- Download
dist/outlier_analysis-0.0.1-py3-none-any.whl
- Open a terminal window and navigate to the directory where the .whl file was downloaded
- Type
pip install outlier_analysis-0.0.1-py3-none-any.whl
- Type
pip show outlier_analysis
to verify installation
- Type
python -m outlier_analysis.run
in a terminal window
- You will be asked to enter the path to a .csv file that you would like to analyze for outliers.
- You will be asked to enter an age for which you would like to predict the median and range
- The .csv file must contain a column labeled 'age_in_days' and a column labeled 'values'
- Test data have been provided if you would like to observe the behavior of the program. Simply hit the
enter
key when asked for input.
The code will determines outliers for any numerical dataset using the < Q1 - 1.5 * IQR OR > Q3 + 1.5 * IQR method and the modified z-score method (|modified z-score| > 3.5). Outliers are determined separately for each age.

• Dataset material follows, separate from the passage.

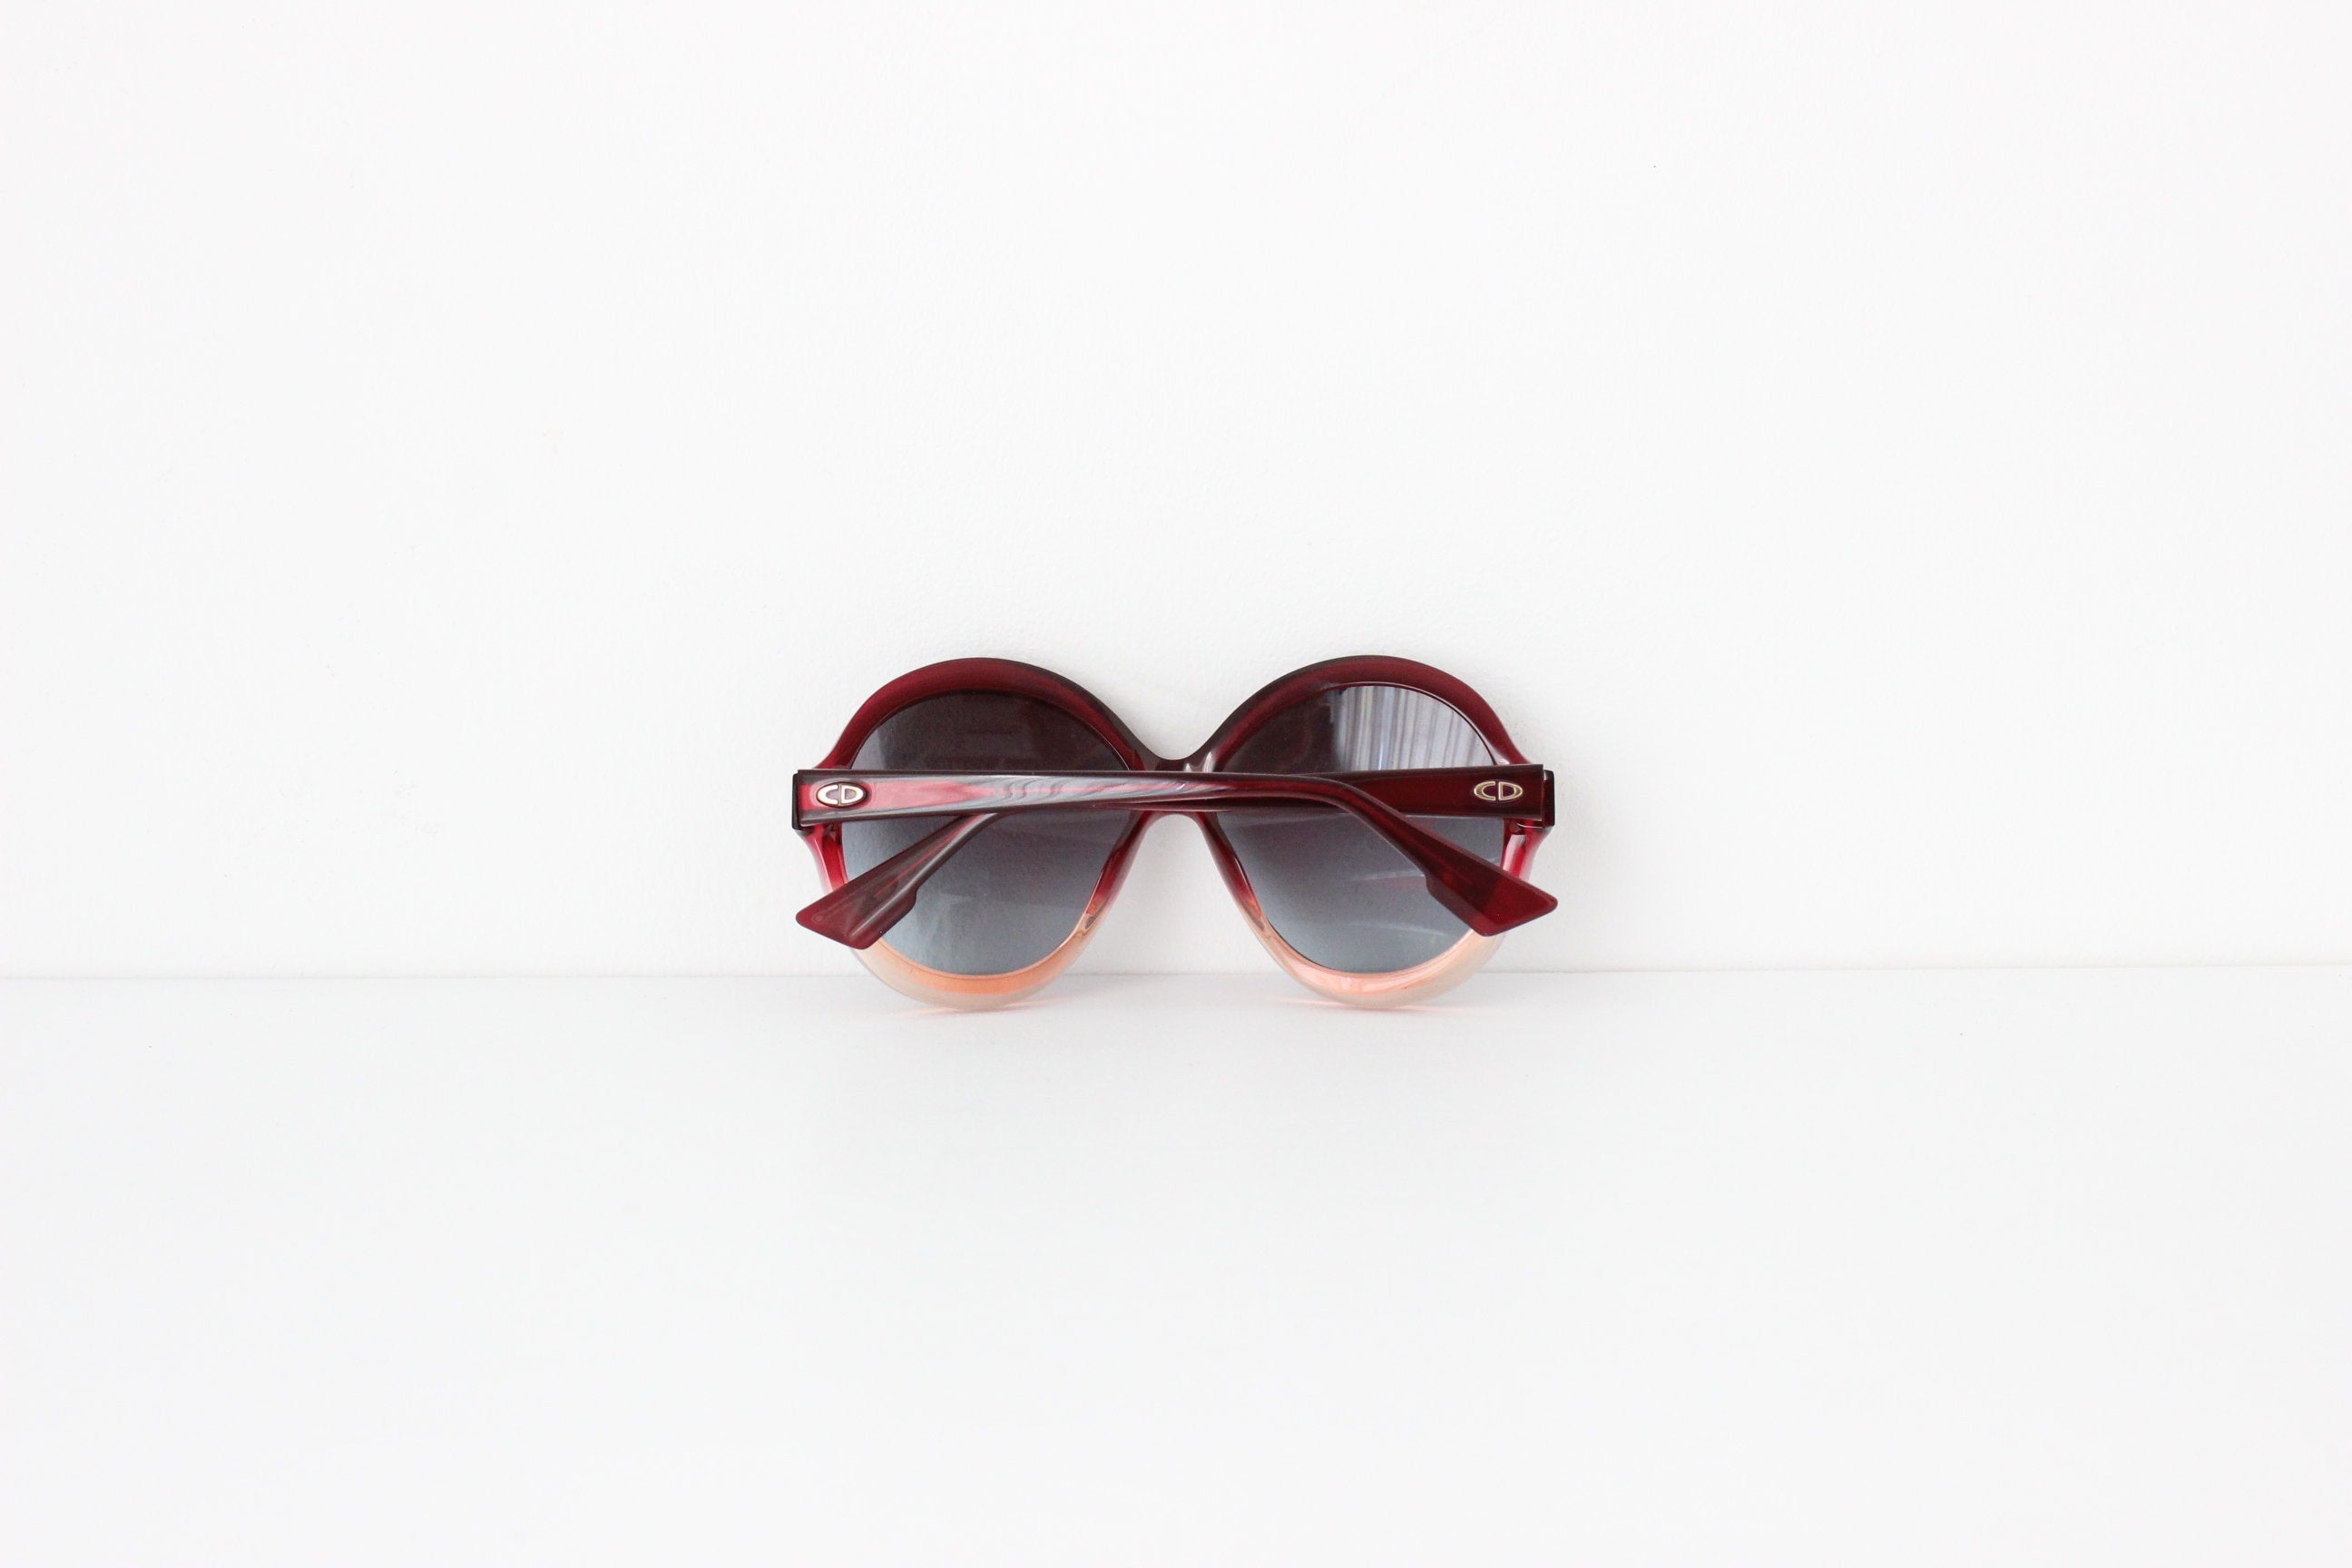 CHRISTIAN DIOR Luxe Oversized Vintage Sunglasses
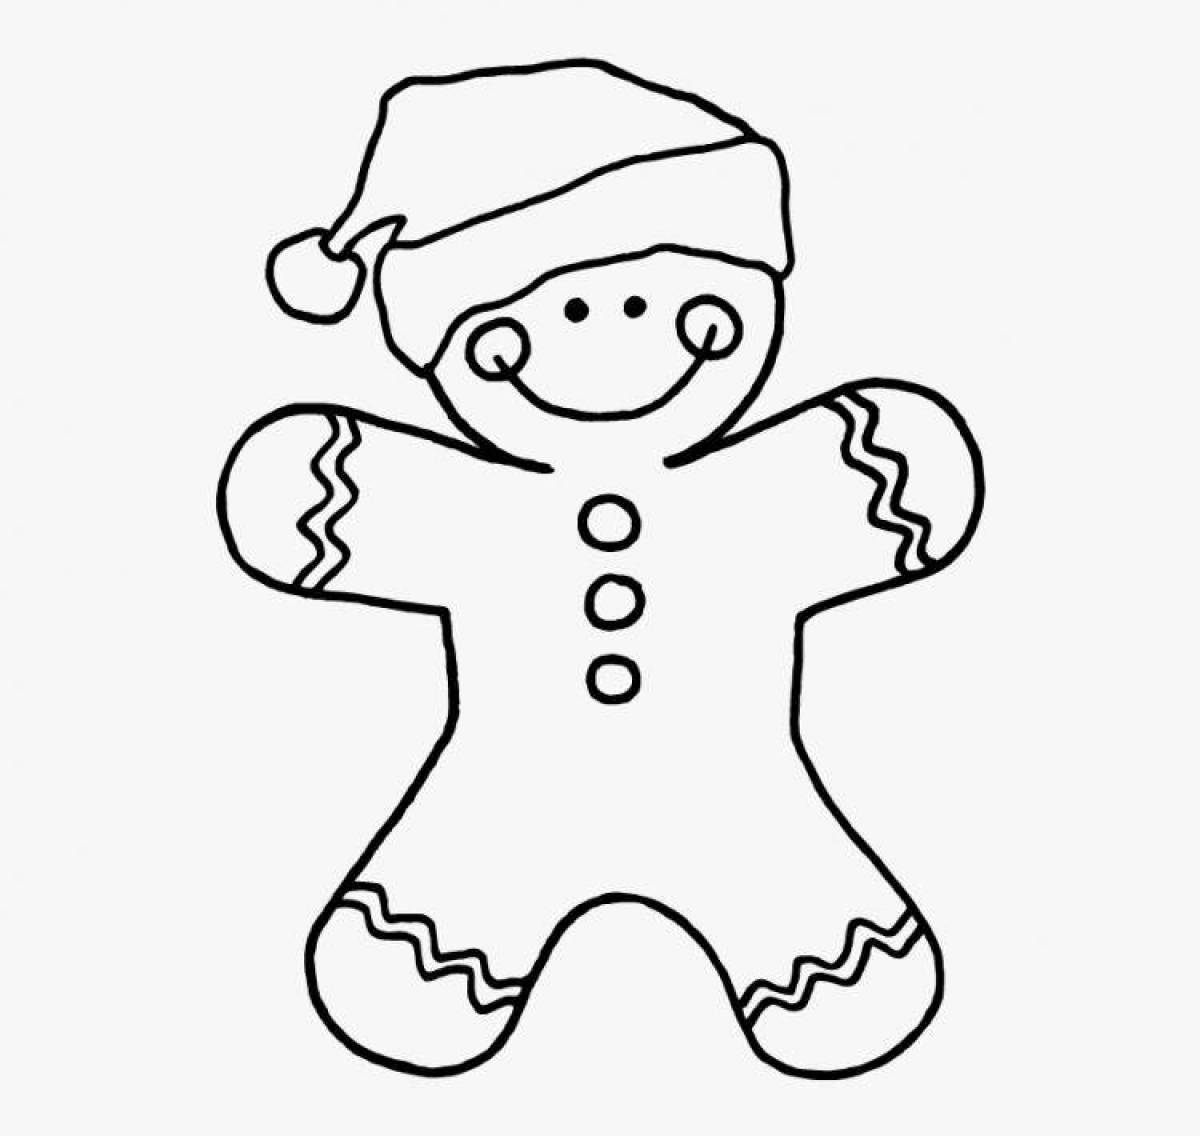 Awesome gingerbread coloring pages

- a .csv file containing a column called "outlier" that contains boolean values for each observation (IQR method) and a column called "z_outlier" that contains boolean values for each observation (modified z-score method) will be generated in the same directory as the input .csv file. It will have the same name as the input file with the suffix "_outliers.csv".
- a .png file containing a plot of data outliers as determined by both methods will be generate in the same directory as the input .csv file. It will have the same name as the input .csv file with the suffix '_outliers.png'
- If medians of values for ages are statistically different from each other (Kruskall-Wallis test), regression is performed on the medians of ages 1, 3 and 5 with modified z-score outliers removed. Regression is performed using untransformed data, log10 and ln data to determine the best fit line. A prediction of the median and acceptable range will then be given for a user-input age. These are printed to the terminal window.
- A plot of the linear regression results is also generated.